Why not higher? I still think that editors serve
an extremely important role in curating scientific criticism and keeping the
debate focused on the substantive issues. For reasons I can’t quite fathom,
some journals are reluctant to give page space to debates about previously
published work, so naturally social media stepped in to fill this void. Nevertheless,
I would love to see journals play a larger role in post-publication peer review,
perhaps by offering something like the PNAS “letters” format.
4. Conduct
direct replications: I now
routinely build direct replications into my work. For example, if we want to
see whether an effect of Study 1 is moderated in Study 2, I might ensure that
the effect in the Study 2 control condition ALSO functions as a direct
replication of Study 1. I continue to conduct conceptual replications, of
course, but I have certainly shifted my emphasis over the past few years. I now
routinely assess the direct replicability of my findings before building on
them, especially when I’m doing something new, and I no longer assume that
other findings are directly replicable if they have only been demonstrated
once.
Why not higher? If we were to over-prioritize
direct replications, we could be at risk for enshrining particular operationalizations
in lieu of the conceptual variables we really care about. For example, in my
home topic area, many findings in the literature on stated mate preferences for
traits are directly replicable, but they have ambiguous connections to the
conceptual variables of interest: It’s very easy to replicate the finding that
men and women say they want different things in a partner, but it’s not clear
the extent to which what people SAY they want maps onto what they ACTUALLY want
when interacting with real potential partners (see this
earlier post). We should not become so focused on direct replications that
we forget to care about what our variables are actually measuring.
3. Focus on
effect sizes (rather than significance): In graduate school, my programs
of research often lived and died by p
< .05. I am overjoyed that this trend is shifting; when I focus on effect
sizes and confidence intervals rather than an arbitrary black-and-white
decision rule, I learn much more from my data. This is especially true when
comparing across studies: We used to think “This study was significant but this
one was not…what happened?” When we focus on effect sizes, these comparisons
take place on a continuum and do not rely on arbitrary cut-offs, and our
attention shifts instead to the extent to which effect size estimates are
consistent across studies.
Why not higher? I am receptive to the argument
that, in many experimental contexts, the effect size “doesn’t really matter” in
the sense that the manipulation is not intended for use in an applied context.
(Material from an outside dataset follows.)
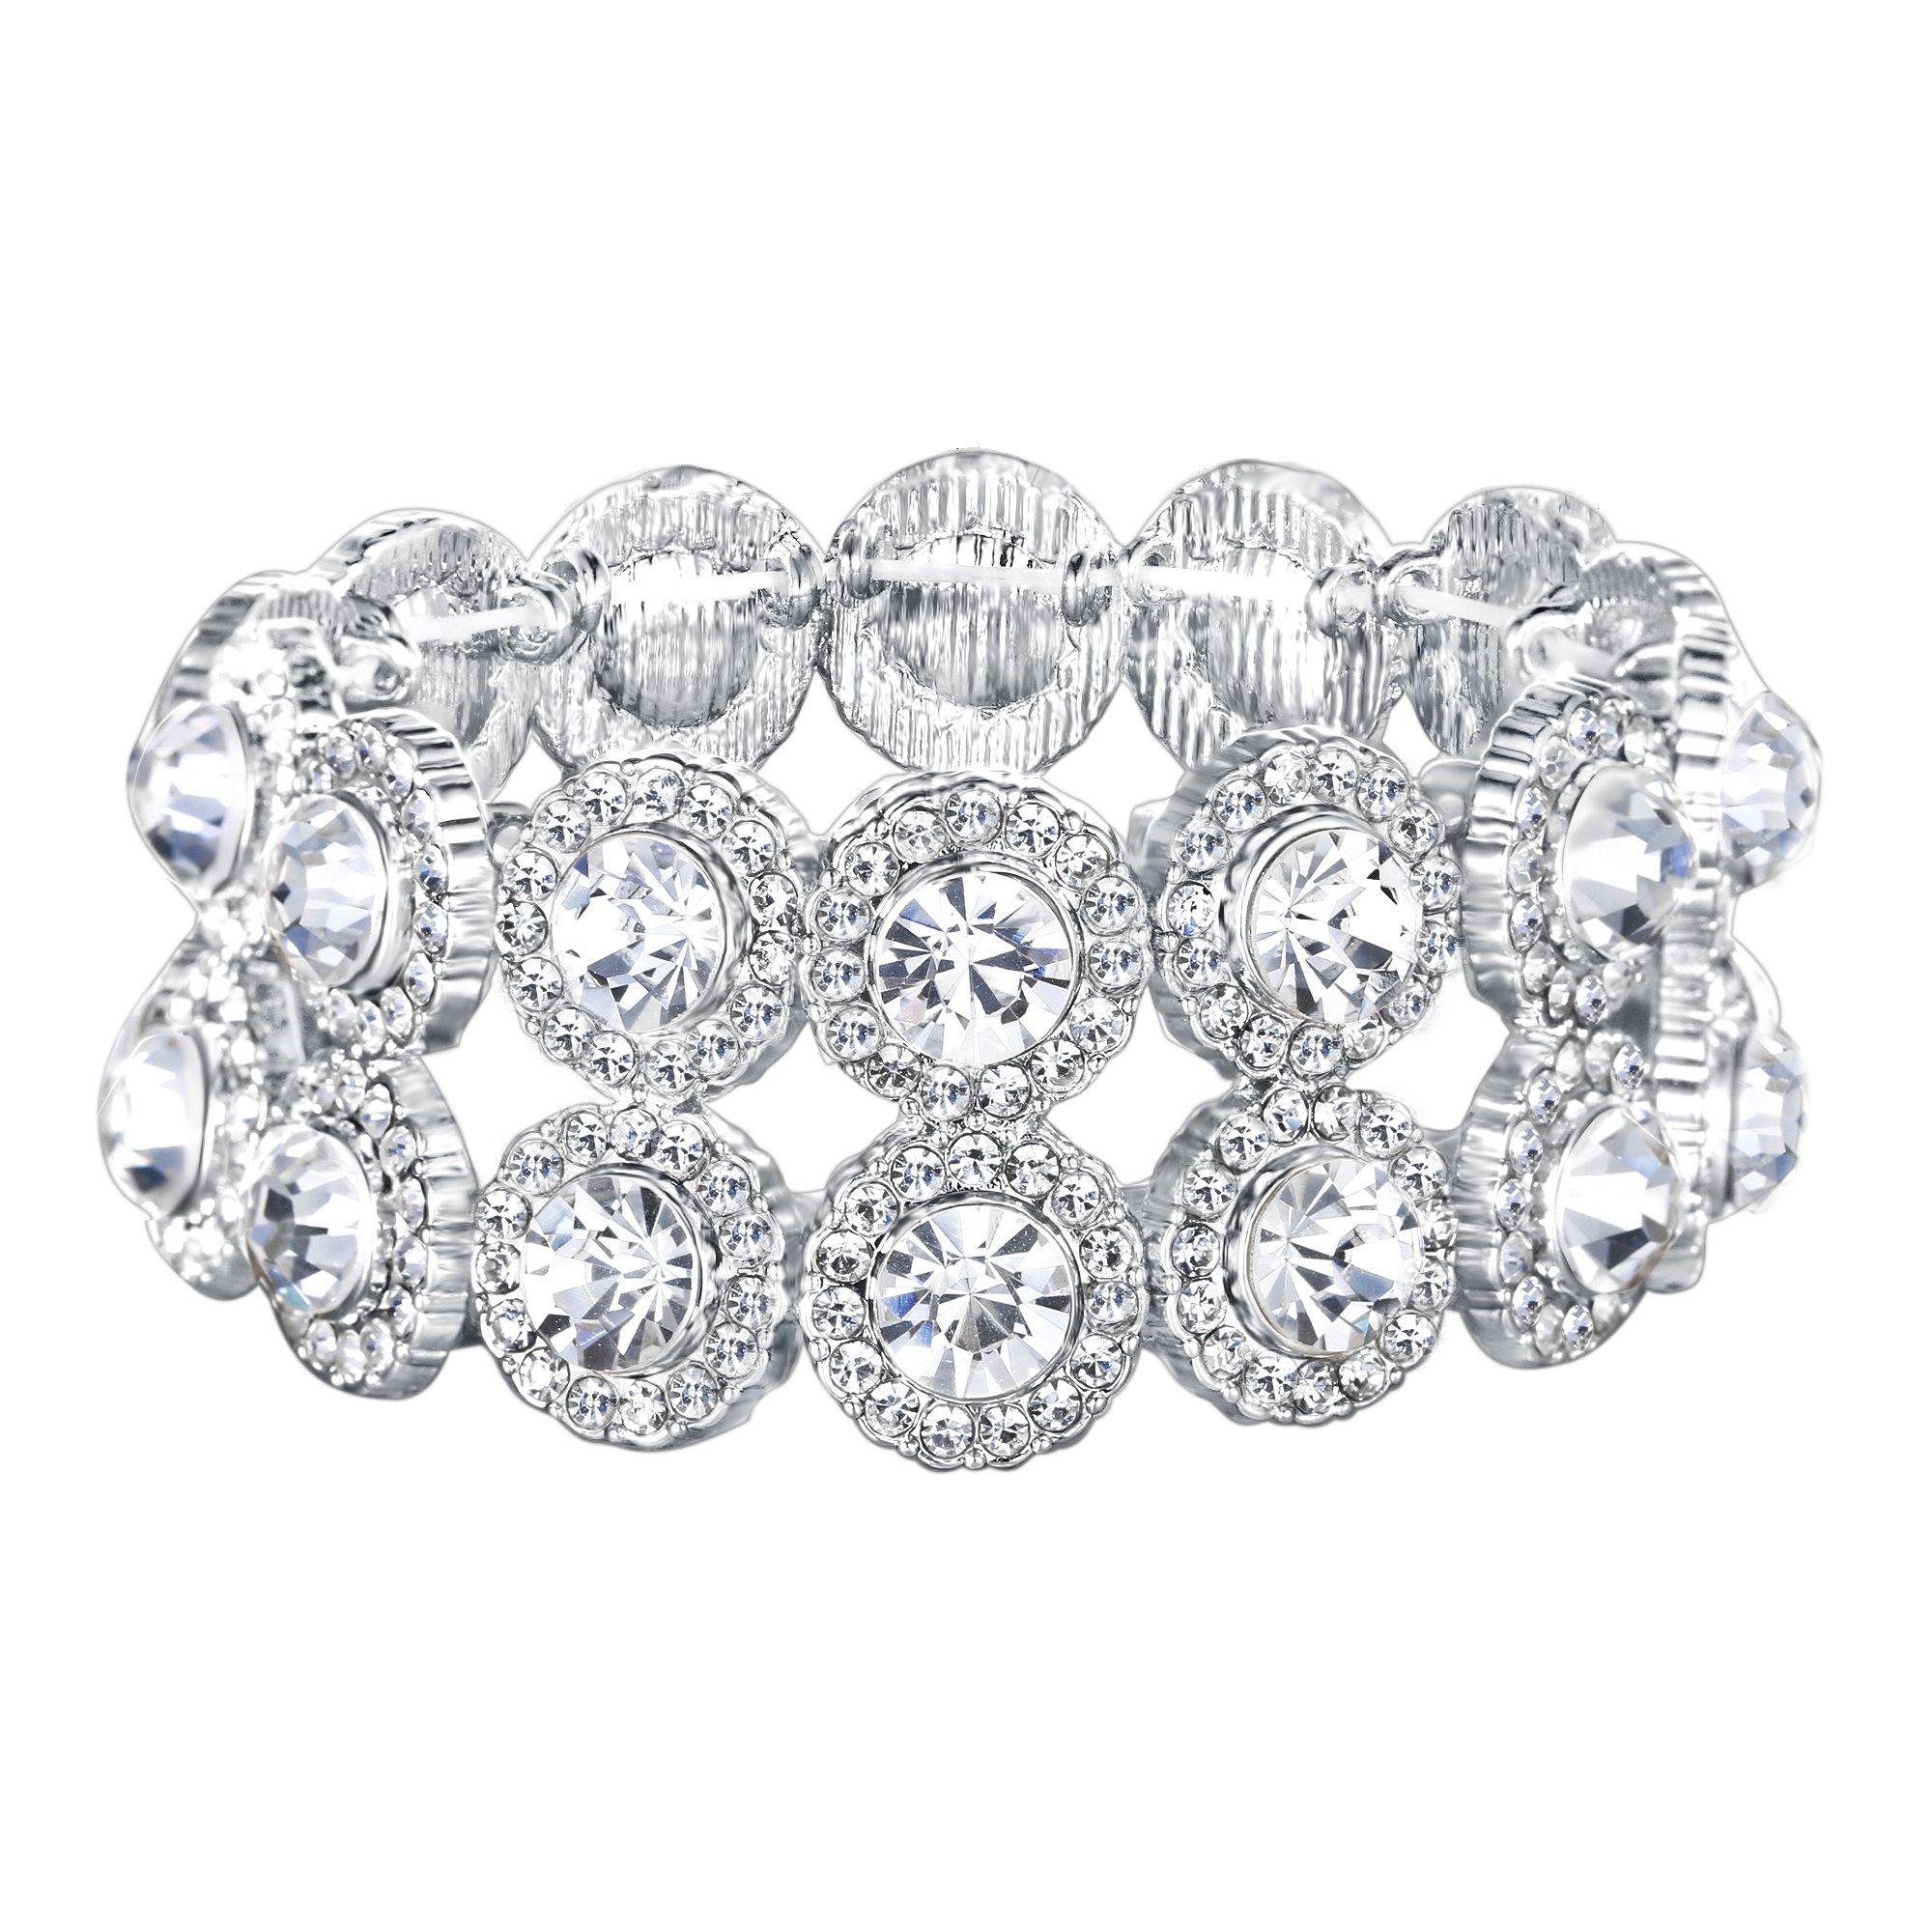 EVER FAITH Women's Austrian Crystal Bridal 2 Layers 8-Shaped Elastic Stretch Bracelet Clear Silver-Tone

Nevertheless, even when I run experiments, I still find it extremely useful to
compare effect sizes across similar operationalizations, so that I can develop
a sense of how confident I should be in a set of results (more confident if the
effect sizes are similar across experiments using similar manipulations; less
confident if the effect sizes seem to be all over the place).
2. Promote and
participate in registered reports: As I noted in a prior
post, I am a big fan of registered reports. I love how they function to get
both reviewers and authors alike to agree that the results of a particular
study will be informative however they turn out. I now think that our studies
are generally stronger when we design them with this kind of informative
potential from the beginning. I have largely stopped conducting the “shoot the
moon” studies that are counterintuitive and cool if they “work” but wouldn’t
really change my mind if they don’t.
Why not higher? If registered reports became the
norm, what would happen to large pre-existing datasets that are not eligible?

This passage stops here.